PHILADELPHIA – Katrín Björk Guðjónsdóttir had her first stroke at 21, followed by a blood clot. Several months later, she had a second massive stroke. There was little doubt about what the rest of her short life would look like.
Her tight-knit Icelandic family harbors a fatal genetic fluke. It causes a protein called beta-amyloid to build up and form clumps in their cells, triggering repeated strokes.
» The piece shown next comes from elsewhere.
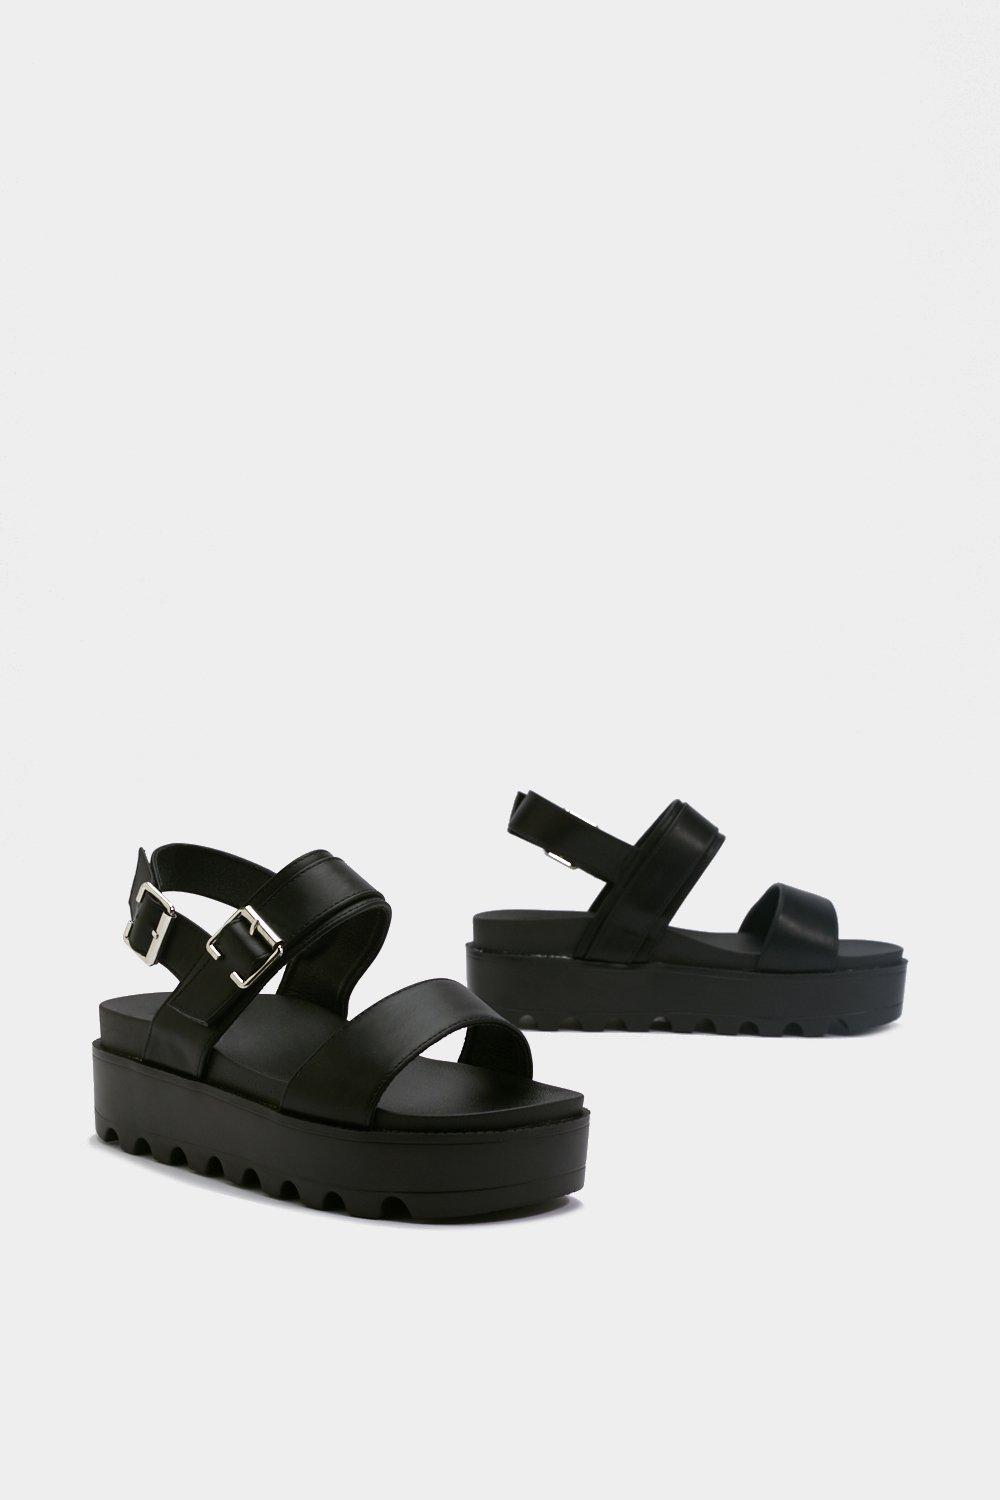 Nasty Gal Faux Leather Buckle Platform Sandals in Black | Lyst
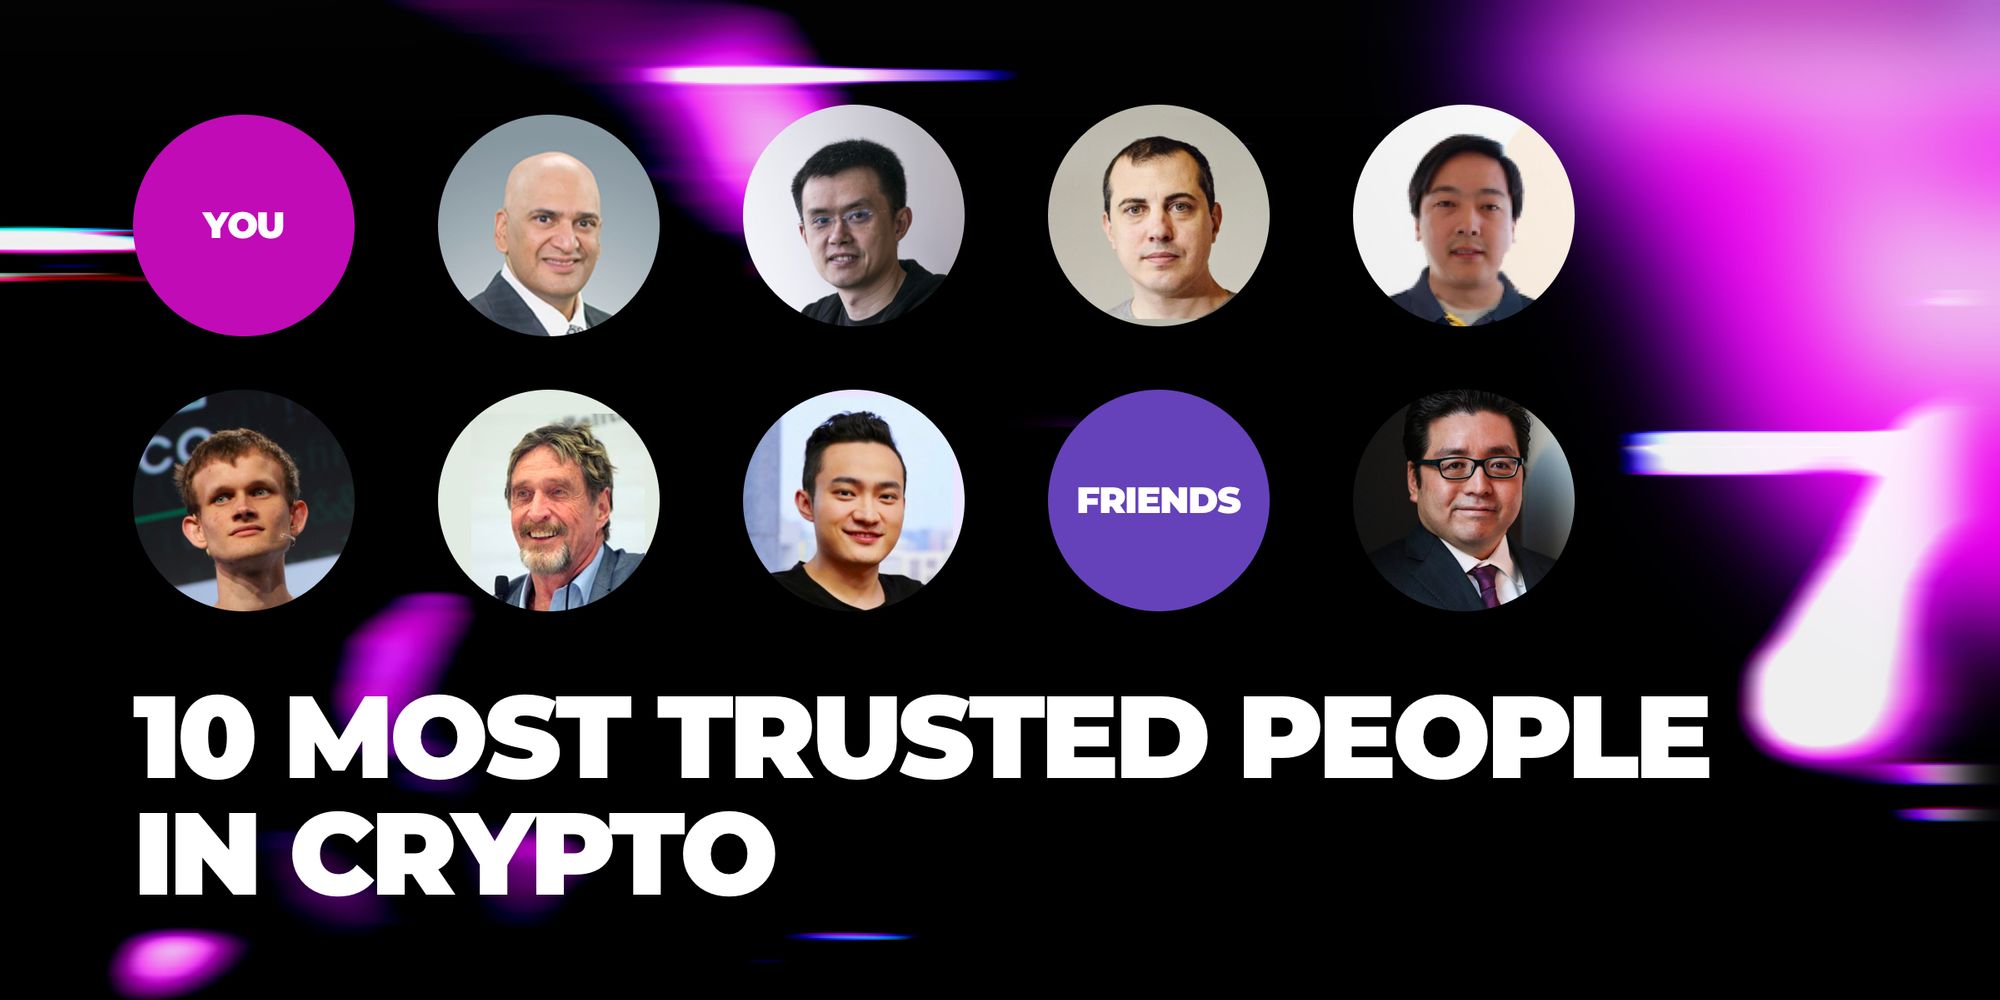 The 10 most trusted people in crypto

Across generations of her extended family, people with this condition, called hereditary intracerebral hemorrhage, developed dementia in their 30s, 40s and 50s and died prematurely.
But Guðjónsdóttir got lucky.
Her uncle, a prominent lung and genetics expert at the University of Pennsylvania, was called in to consult on her care.
In the process of saving Guðjónsdóttir, now 28, Dr. Hakon Hakonarson may have provided evidence for a new treatment for Alzheimer’s, which now affects nearly 6 million Americans.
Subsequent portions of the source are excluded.